İlk cinsel ilişkiye dikkat
Prof. Dr. Mete Güngör, konuşmasında rahim ağzı kanseriyle ilgili çarpıcı bilgilere yer verdi. Hastalığa cinsel yolla bulaşan HPV virüsünün neden olduğunu vurguladı, özellikle gençlerde bir farkındalık yaratmanın önemine değindi. İlk cinsel ilişkiden sonra virüsün bulaşma oranının yüzde 30-50 arasında değiştiğini, kadınlarda HPV enfeksiyonunun en sık görüldüğü yaşın 24 olduğunu belirtti. Ancak HPV enfeksiyonu olan herkesin rahim ağzı kanseri olmadığına dikkat çeken Prof. Dr. Mete Güngör, “Vücudumuzun bağışıklık sistemi, iki yıl içinde virüsün yüzde 90’ını temizliyor. Geri kalan yüzde 10 ise, vücudumuzda kalmaya devam ediyor. HPV virüsü, vücudumuzda kalmaya devam ettiği sürede hiç hastalık yapmayabilir. Ancak bunların bir kısmı kanser öncesi lezyonları yapabilir ve bu lezyonların bir kısmı da yaklaşık 15-20 yıl içinde rahim ağzı kanserine dönüşebilir” şeklinde konuştu.

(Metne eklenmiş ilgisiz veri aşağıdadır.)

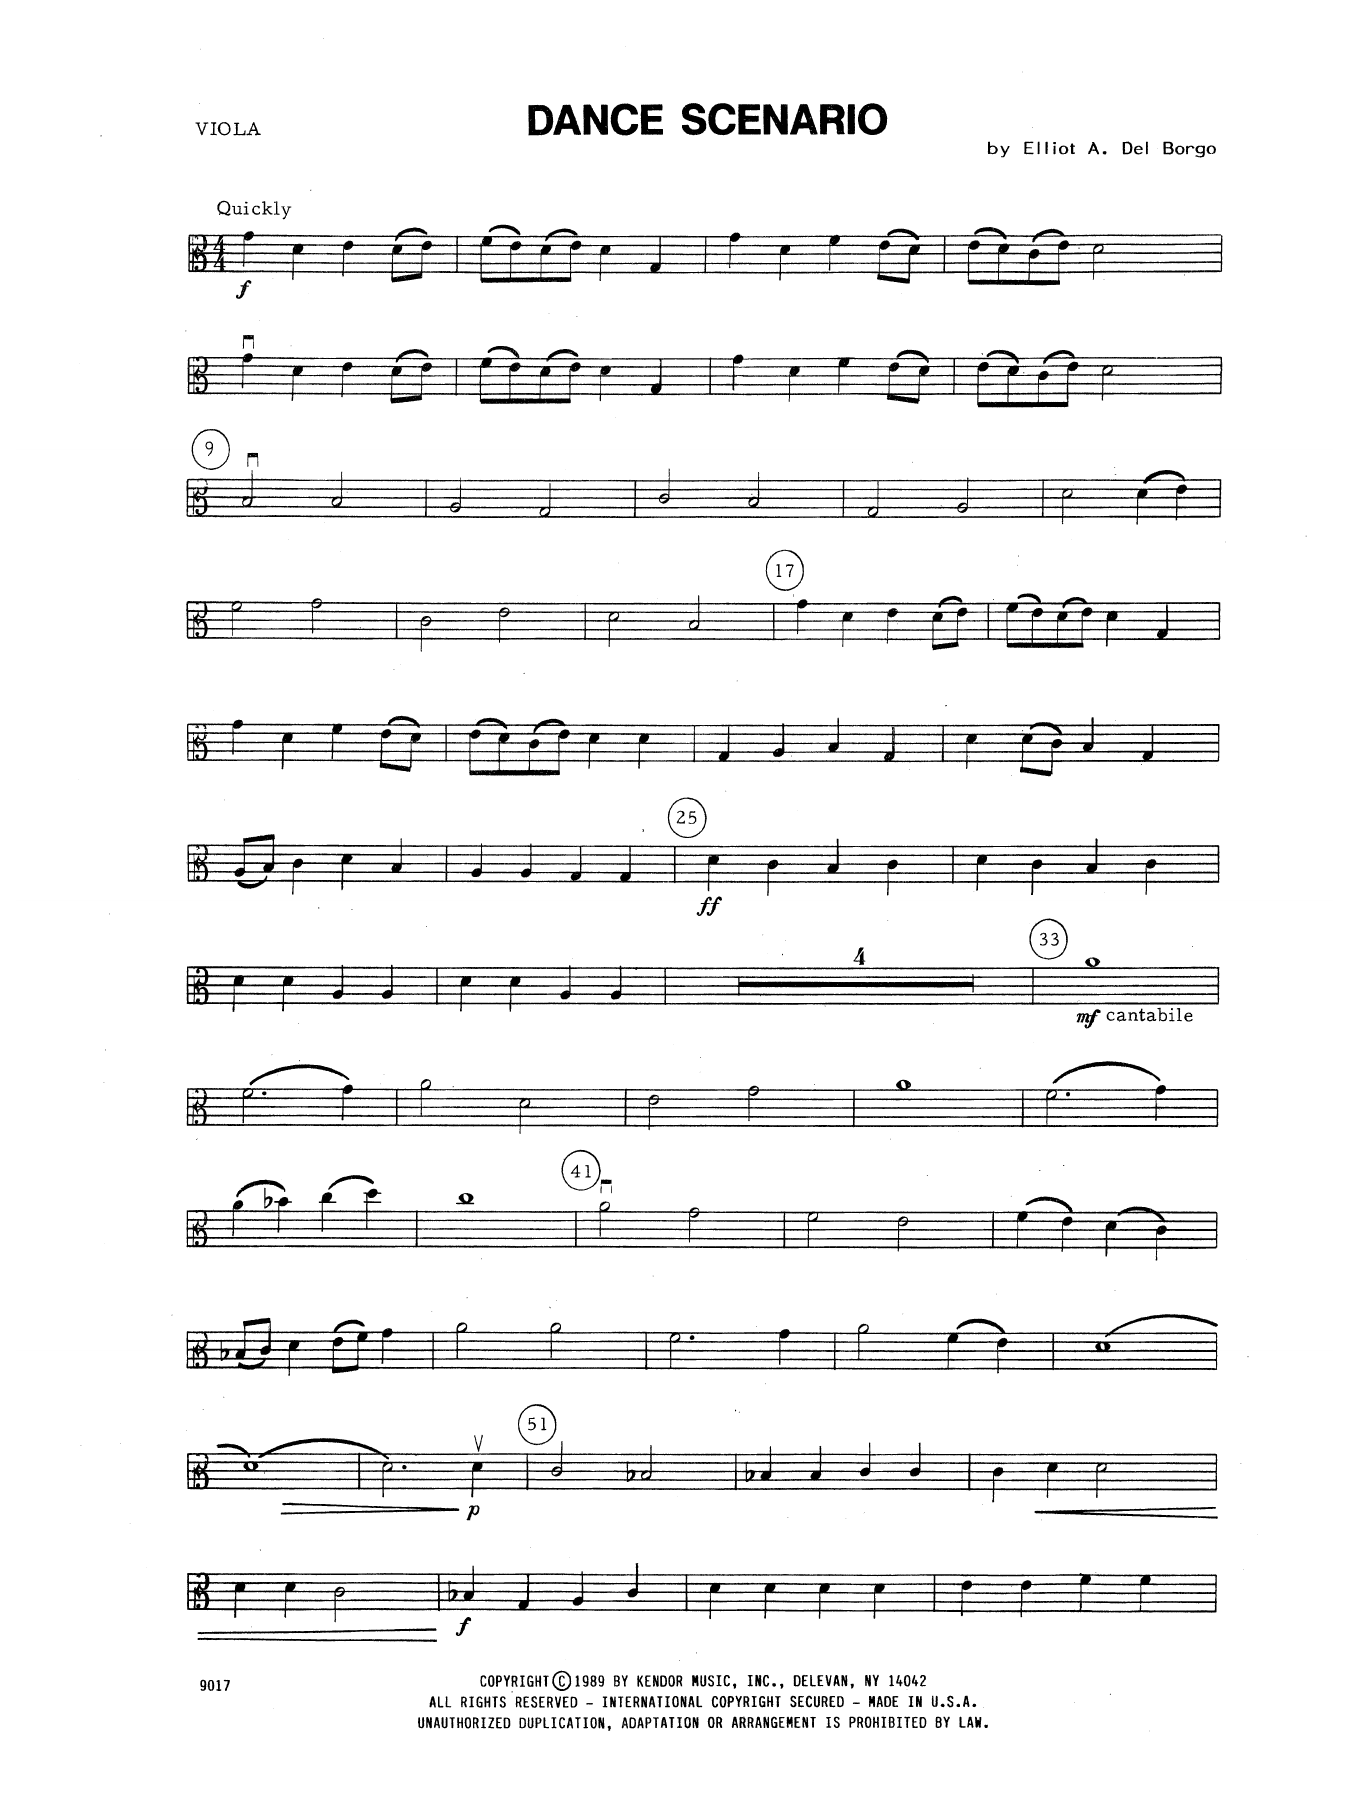 Download Elliot A. Del Borgo Dance Scenario - Viola Sheet Music

Erken yaşta aşı yaptırılmalı
HPV virüsünün en sık kanser yapan tipleri HPV 16 ve 18, rahim ağzı kanserinin yüzde 70-75’inden sorumlu. Dolayısıyla bu tiplere yönelik geliştirilen aşılar hastalığa karşı koruma sağlıyor. Özellikle 9 ile 26 arası erken yaşlarda yapılan bu aşılar, hayat boyu kansere yakalanma riskini büyük ölçüde azaltıyor. Ayrıca kullanılan mevcut aşıların son iki yıldır daha da geliştirildiğine dikkat çeken Prof. Dr. Mete Güngör, “Kanser yapan bu iki HPV tipine beş tip daha eklenerek, koruma oranı yüzde 70’lerden yüzde 93’e çıkarıldı. Gelişmiş ülkelerde kullanılan bu aşının, ülkemize de gelecek yıl gelmesi öngörülüyor” diye konuştu.
Tarama testleri hayat kurtarıyor
Seminerde, rahim ağzı kanserinde aşı yapılsa bile, tarama yöntemlerinin de ihmal edilmemesi gerektiği vurgulandı. Rahim ağzı kanseri olan kadınların büyük bir kısmının son 10 yıl içinde hiç tarama yaptırmadığı, kanser oluşumunda 15-20 yıllık uzun bir süreç olduğu ve bu süreçte tarama programlarıyla hastalığın erken evrede tanınıp tedavi edilebildiği ifade edildi. Tarama yöntemleriyle ilgili de katılımcıları bilgilendiren Prof. Dr. Mete Güngör, sözlerini şöyle sürdürdü: “Dünyada kullanılan farklı tarama yöntemleri içerisinde en çok kabul edilen yöntem; 20 yaşından sonra her üç yılda bir smear testi yaptırmak. Smear testi, 30 yaşından sonra HPV testi ile birlikte kullanılabiliyor (Co-test). Böylece tarama aralıkları beş yılda bir yapılabiliyor ve konvansiyonel smear testinin yanılma ihtimalini azalttığı için hastalara gereksiz işlemlerin yapılması engelleniyor.”
Sağlık Bakanlığı Ulusal Kanser Tarama Programı 30 yaşından sonra her beş yılda bir rahim ağzı kanseri tarama testi yaptırılması gerektiğini söylüyor ve söz konusu hizmet tüm Aile Sağlığı Merkezleri’ nde ücretsiz olarak veriliyor.